Today, I brought myself to a decision which was overdue.
I spent the last five years or so hanging around in a neat gamedev IRC channel, and the last four or so with founder access level (which is the highest privilege one can have in such a chatroom). The channel was a place of relaxation, chitchat, and sometimes even interesting ontopic gamedev discussion, and these guys really meant alot to me – all of them. I liked even those ones who sometimes were a real pain in the neck, and sometimes I really had to laugh in front of my tube when I had to admonish them at the same time.
I always joined this chat if my PC was running, regardless whether I was coding, playing, writing, learning, or, of course, chatting. I spent some 10000 hours online with my latest mIRC installation, always with these guys, in this one chatroom. Actually, these guys even “survived” several ex-girlfriends! Although there were some differences from time to time, all the 40 or so regulars stayed, all the years. We met several times in real life, had great fun together, and I considered many of them friends.

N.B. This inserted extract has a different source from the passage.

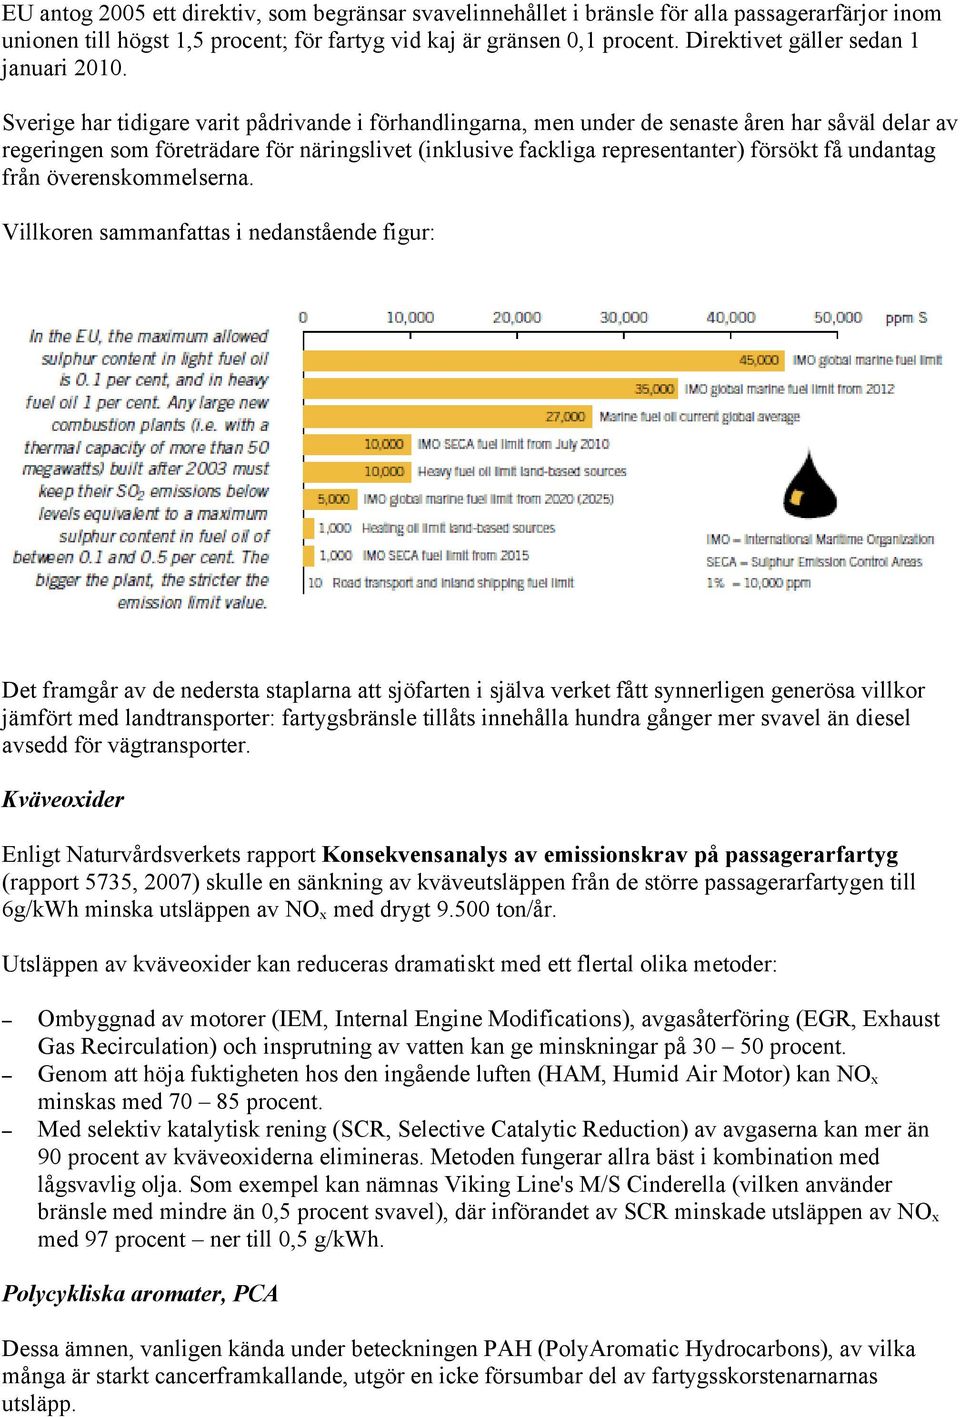 Sverige har tidigare varit pådrivande i förhandlingarna, men under de senaste åren har såväl delar av regeringen som företrädare för näringslivet (inklusive fackliga representanter) försökt få

But, well, people change. Either in a positive, or in a negative manner, or simply just in a way they can’t deal with each other anymore. Interests change, too. And, unfortunately, spare time changes. It literally shrinks the older one gets. Since I started my professional work in 2003, I joined the chat less frequently, and I recognized that I lost participation and sympathy more and more. I suddenly saw people fight I had never expected to, in a way that I had never expected, and I watched peoples personalities change – from the distance that raised, these changes were more obvious and hence even more frightening.
Today, it finally became clear to me that I was no longer part of that process, but just a frequent visitor, a distant observer.
Thus I asked to vote for a new channel founder today. I will drop my founder status and watch the distance grow. I can’t do anything about it anyway – it’s just the way the things go.